Task statement: Each record here should be printed again exactly; please leave its pictures out.

═══ Given information ═══

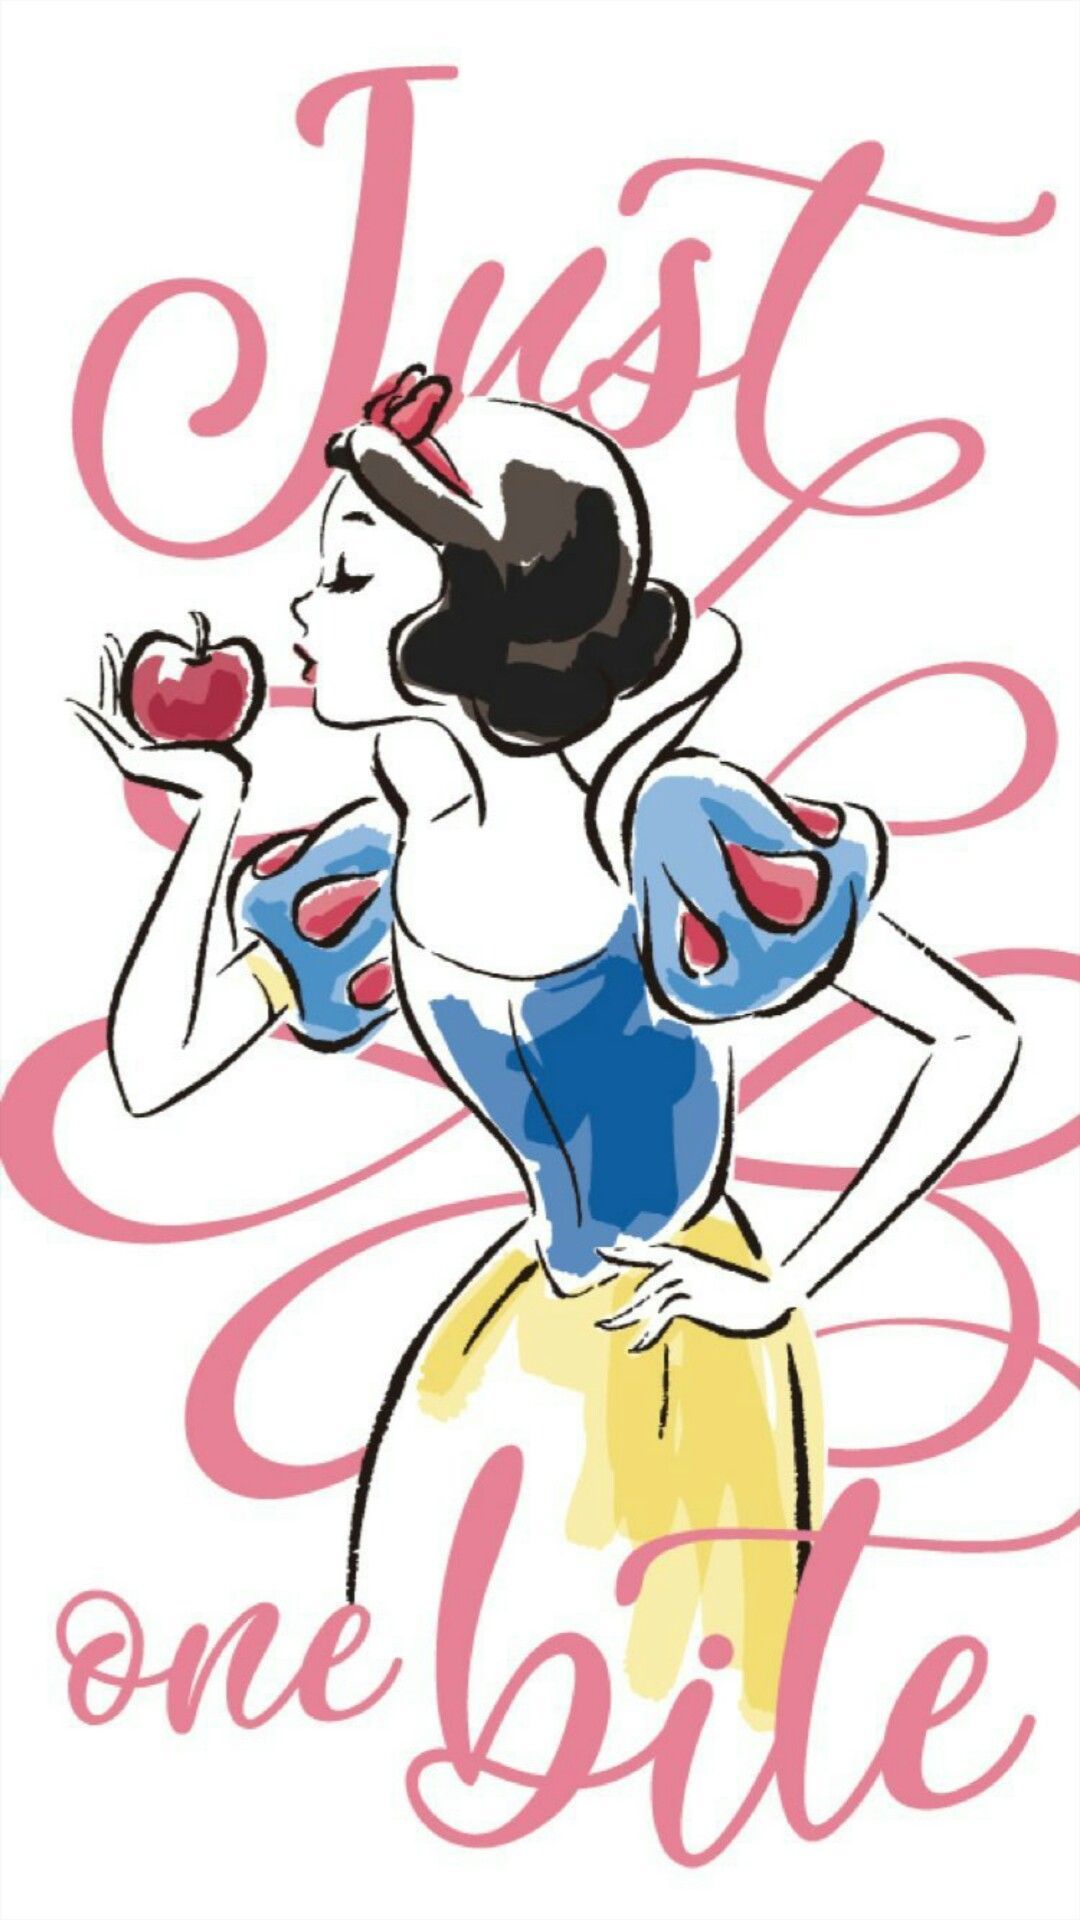 46+] Snow White HD Wallpaper - WallpaperSafari
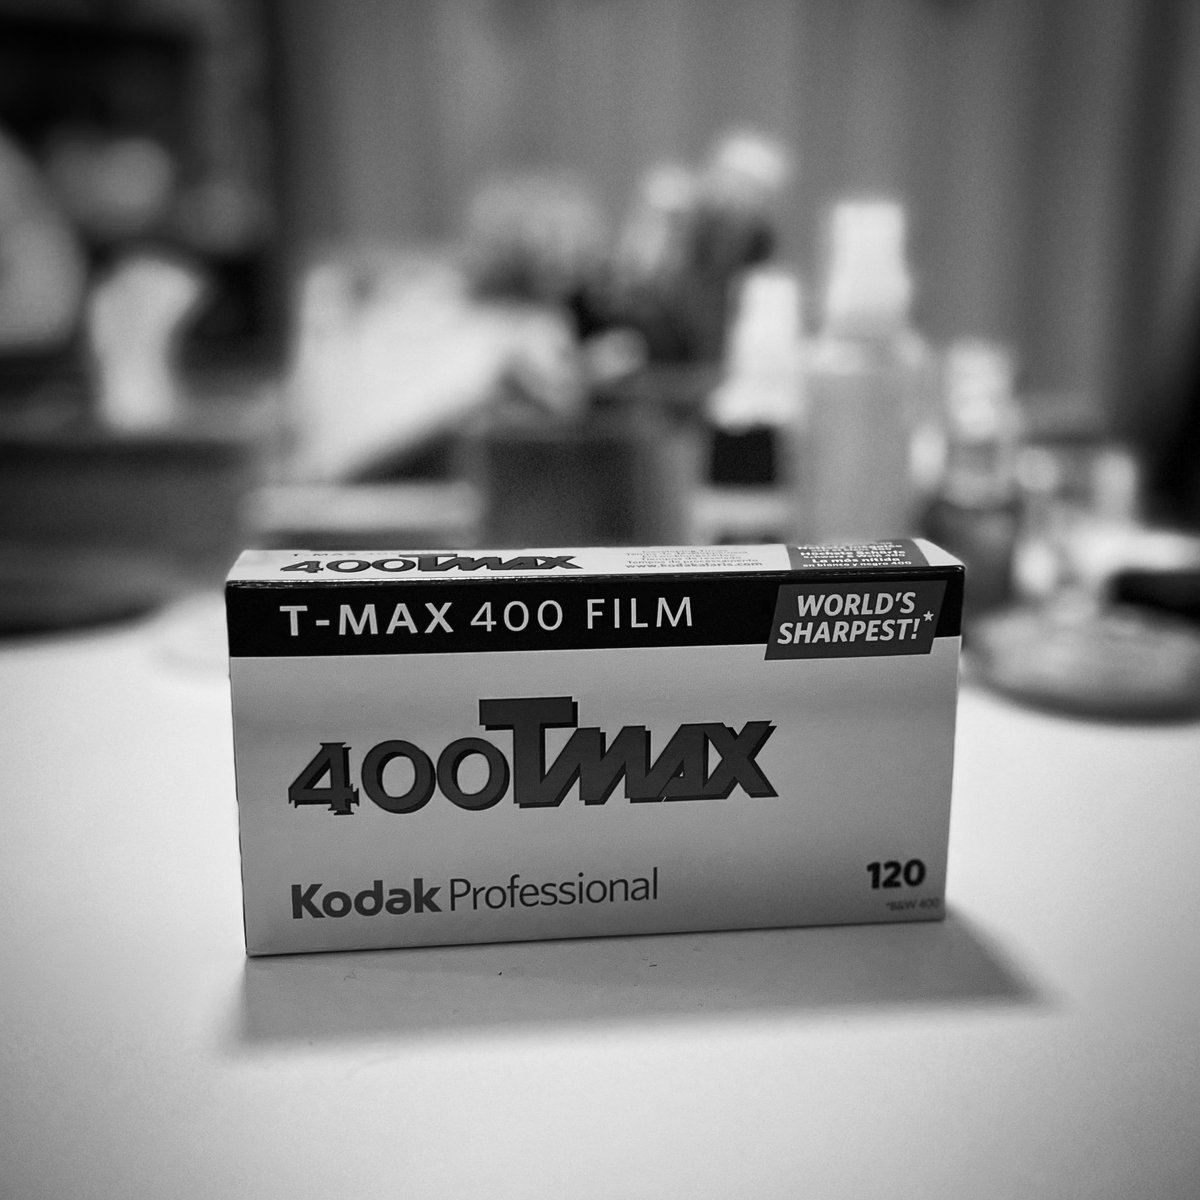 T - MAX 400 FILM

作品作りで使用予定 📷😬👍

#TMAX400
#Kodak
#モノクロフィルム
#120film
#ブローニー
#blackandwhitefilm
#スナップ写真
#snapshot
#streetsnap
#写真好きな人と繋がりたい
#キリトリセカイ
#iPhone13
#京都
#kyoto

═══

Exercise solution:
 46+] Snow White HD Wallpaper - WallpaperSafari
 T - MAX 400 FILM

作品作りで使用予定 📷😬👍

#TMAX400
#Kodak
#モノクロフィルム
#120film
#ブローニー
#blackandwhitefilm
#スナップ写真
#snapshot
#streetsnap
#写真好きな人と繋がりたい
#キリトリセカイ
#iPhone13
#京都
#kyoto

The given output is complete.